I am using a Gym Wrapper to convert the observation images from channel-last format to channel-first format and normalize the pixels between 0 and 1. My wrapper is as follows:

import gym
import numpy as np

class NormalizeObsvnWrapper(gym.Wrapper):
  """
  :param env: (gym.Env)   Gym environment that will be wrapped
  """
  def __init__(self, env):
    assert isinstance(env.observation_space, gym.spaces.Box),\
     "Valid for continuous observation spaces of type gym.spaces.Box"

    self._height = env.observation_space.shape[0]
    self._width = env.observation_space.shape[1]
    self._channels = env.observation_space.shape[2]

    env.observation_space = gym.spaces.Box(low=0, high=255,
                                            shape=(self._channels, 
                                                   self._height,
                                                   self._width))
    env.reward_range = (-np.inf, np.inf)
    # call the parent constructor so that we can access self.env
    super(NormalizeObsvnWrapper, self).__init__(env)

  def _modify_obsvn(self, obs):
    new_obs = np.transpose(obs, (2, 0, 1))
    new_obs = np.asarray(new_obs, dtype=np.float32) / 255.0
    return new_obs

  def reset(self):
    """
    Convert Images from HxWxC format to CxHxW
    Normalize the pixels between 0 and 1.0
    """
    return self._modify_obsvn(self.env.reset())
  
  def step(self, action):
    obs, reward, done, info = self.env.step(action)
    new_obs = self._modify_obsvn(obs)
    info['channel_first'] = True
    info['nomalize pixel'] = True
    return new_obs, reward, done, info

I also use a customCNN network to extract features from the input images.

import gym
import torch as th

from stable_baselines3.common.torch_layers import BaseFeaturesExtractor

class CustomCNN(BaseFeaturesExtractor):
  """
  :param observation_space: (gym.space)
  :param features_dim: (int) number of features extracted. This corresponds to 
        the number of unit for the last layer
  """
  def __init__(self, observation_space: gym.spaces.Box, features_dim: int = 256):
    super(CustomCNN, self).__init__(observation_space, features_dim)
    # We assume CxHxW images (channels first format)
    n_input_channels = observation_space.shape[0]
    self.cnn = th.nn.Sequential(
        th.nn.Conv2d(n_input_channels, 16, kernel_size=2, stride=2, padding=0),
        th.nn.ReLU(),
        th.nn.BatchNorm2d(16),
        th.nn.Conv2d(16, 32, kernel_size=2, stride=2, padding=0),
        th.nn.ReLU(),
        th.nn.BatchNorm2d(32),
        th.nn.Conv2d(32, 32, kernel_size=2, stride=2, padding=0),
        th.nn.ReLU(),
        th.nn.BatchNorm2d(32),
        th.nn.Flatten()
    )

    # compute shape by doing one forward pass
    with th.no_grad():
      n_flatten = self.cnn(
          th.as_tensor(observation_space.sample()[None]).float()
      ).shape[1]

    self.linear = th.nn.Sequential(
        th.nn.Linear(n_flatten, 128), 
        th.nn.ReLU(),
        th.nn.Linear(128, 128),
        th.nn.ReLU(),
        th.nn.Linear(128, features_dim),
        th.nn.ReLU()
        ) 

  def forward(self, observations: th.Tensor) -> th.Tensor:
    return self.linear(self.cnn(observations))

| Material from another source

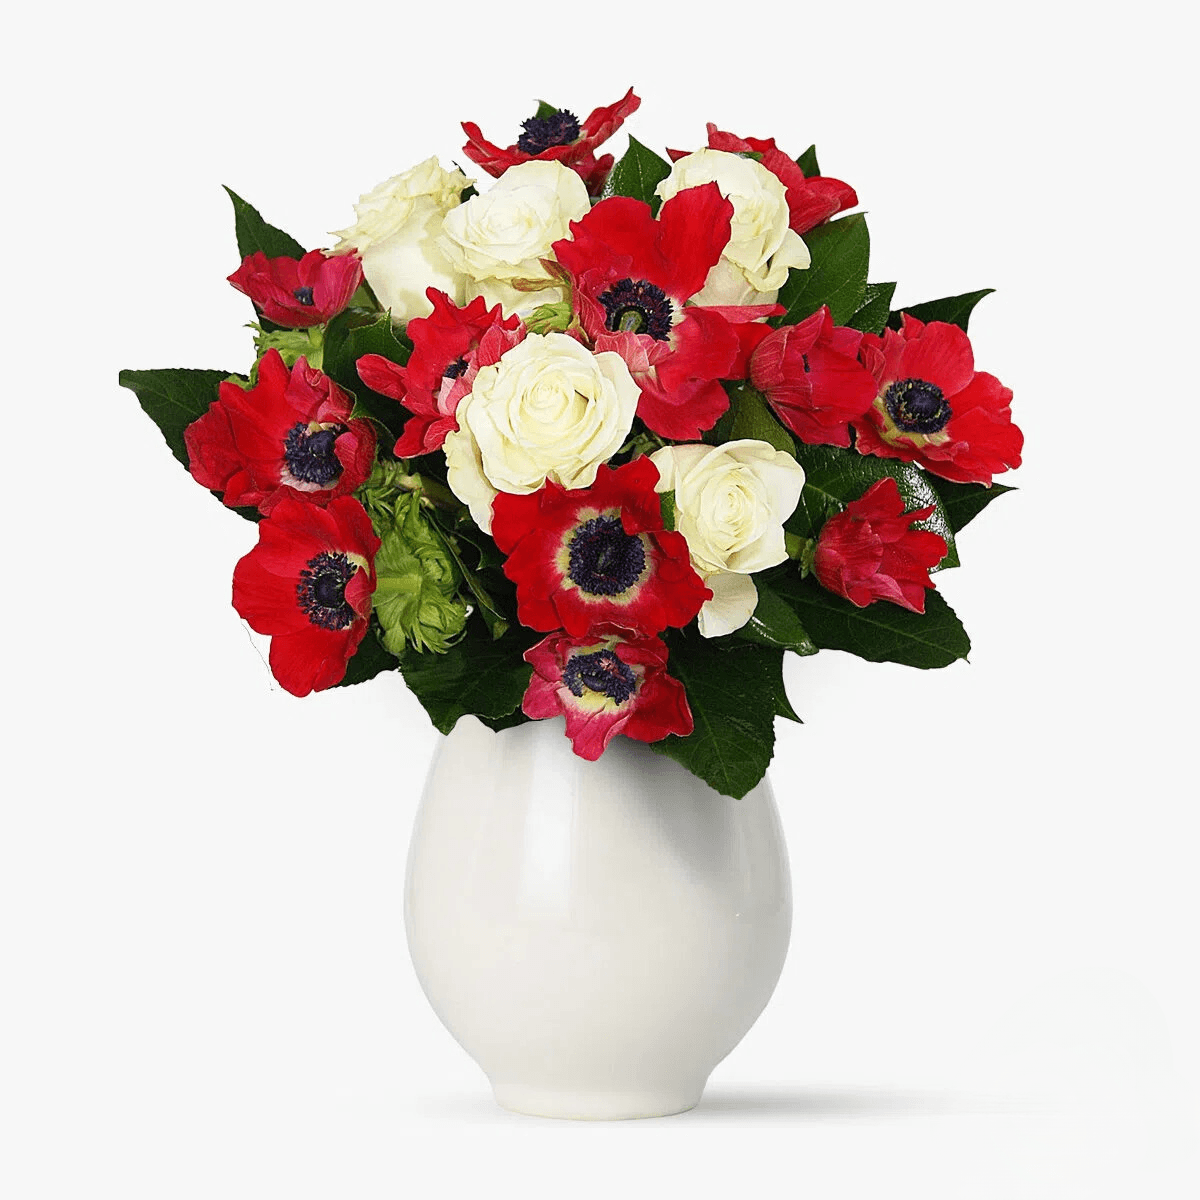 Buchet de anemone rosii si trandafiri albi – premium albi

Now I can train a single environment as follows:



p.connect(p.DIRECT)

# create the environment
env = NormalizeObsvnWrapper(KukaDiverseObjectEnv(maxSteps=20, isDiscrete=False, renders=False,
                          removeHeightHack=False))
env = Monitor(env, monitor_path)

policy_kwargs = dict(
    features_extractor_class = CustomCNN,
    features_extractor_kwargs = dict(features_dim=64),
    net_arch = dict(qf=[128, 64, 32], pi=[128, 64, 64])
)
# create RL model
model = SAC('CnnPolicy', env, buffer_size=100000, batch_size=256,
            policy_kwargs=policy_kwargs, tensorboard_log=tb_log_path)

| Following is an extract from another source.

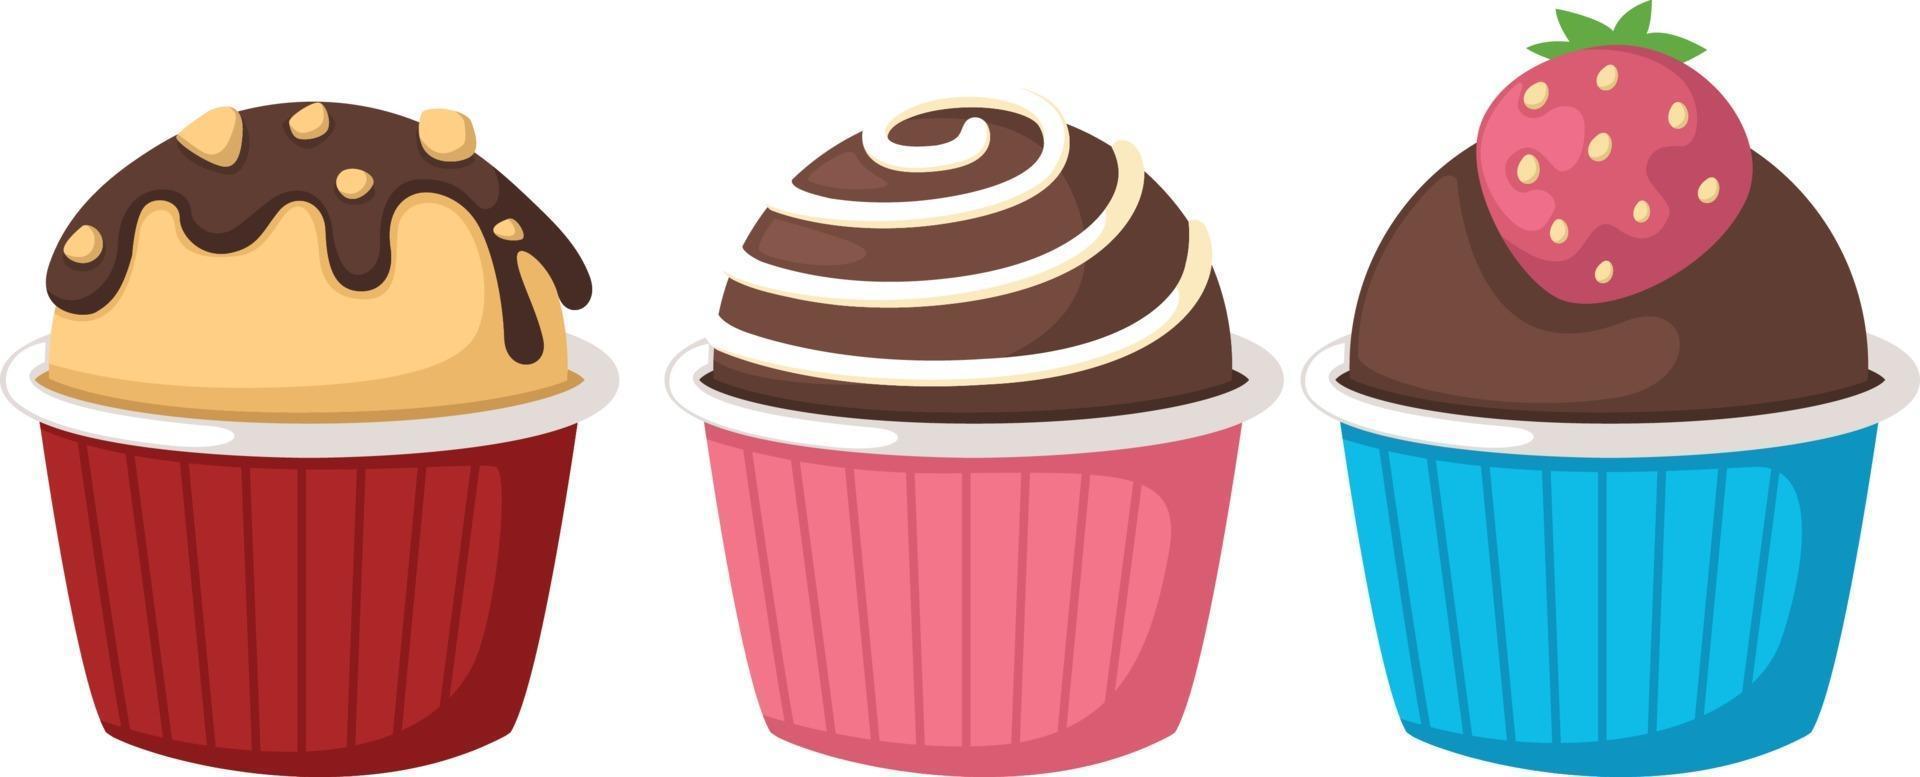 cupcake su sfondo bianco vettore

# train the model: 50K time steps is adequate
%time model.learn(total_timesteps=50000, log_interval=4, tb_log_name='kuka_sac')

p.disconnect(p.DIRECT)

This is how the training looks like on tensorboard:

Now I want to run 2 environments simultaneously using SubprocVecEnv. First I define the make_env function as follows:

import gym
from typing import Callable
from stable_baselines3.common.utils import set_random_seed

def make_env(env_id, rank: int, seed: int = 0) -> Callable:

  """
  Utility function for multiprocessed env
  :param env: (gym.env) gym environment instance
  """

  def _init() -> gym.Env:
    if isinstance(env_id, gym.Env):
      env = env_id
    elif isinstance(str):
      env = gym.make(env_id)
    else:
      raise ValueError('Invalid environment id')
    env.seed(seed + rank)
    return env
  set_random_seed(seed)
  return _init

My main training program is as follows:

import pybullet as p
import gym
import numpy as np
from datetime import datetime
from pybullet_envs.bullet.kuka_diverse_object_gym_env import KukaDiverseObjectEnv
from stable_baselines3 import SAC
from stable_baselines3.common.vec_env import DummyVecEnv, VecNormalize, SubprocVecEnv
from stable_baselines3.common.env_util import make_vec_env
from stable_baselines3.common.monitor import Monitor

p.connect(p.DIRECT)
# Create an instance of the Gym Environment
env_id = NormalizeObsvnWrapper(KukaDiverseObjectEnv(maxSteps=20, isDiscrete=False, renders=False,
                          removeHeightHack=False))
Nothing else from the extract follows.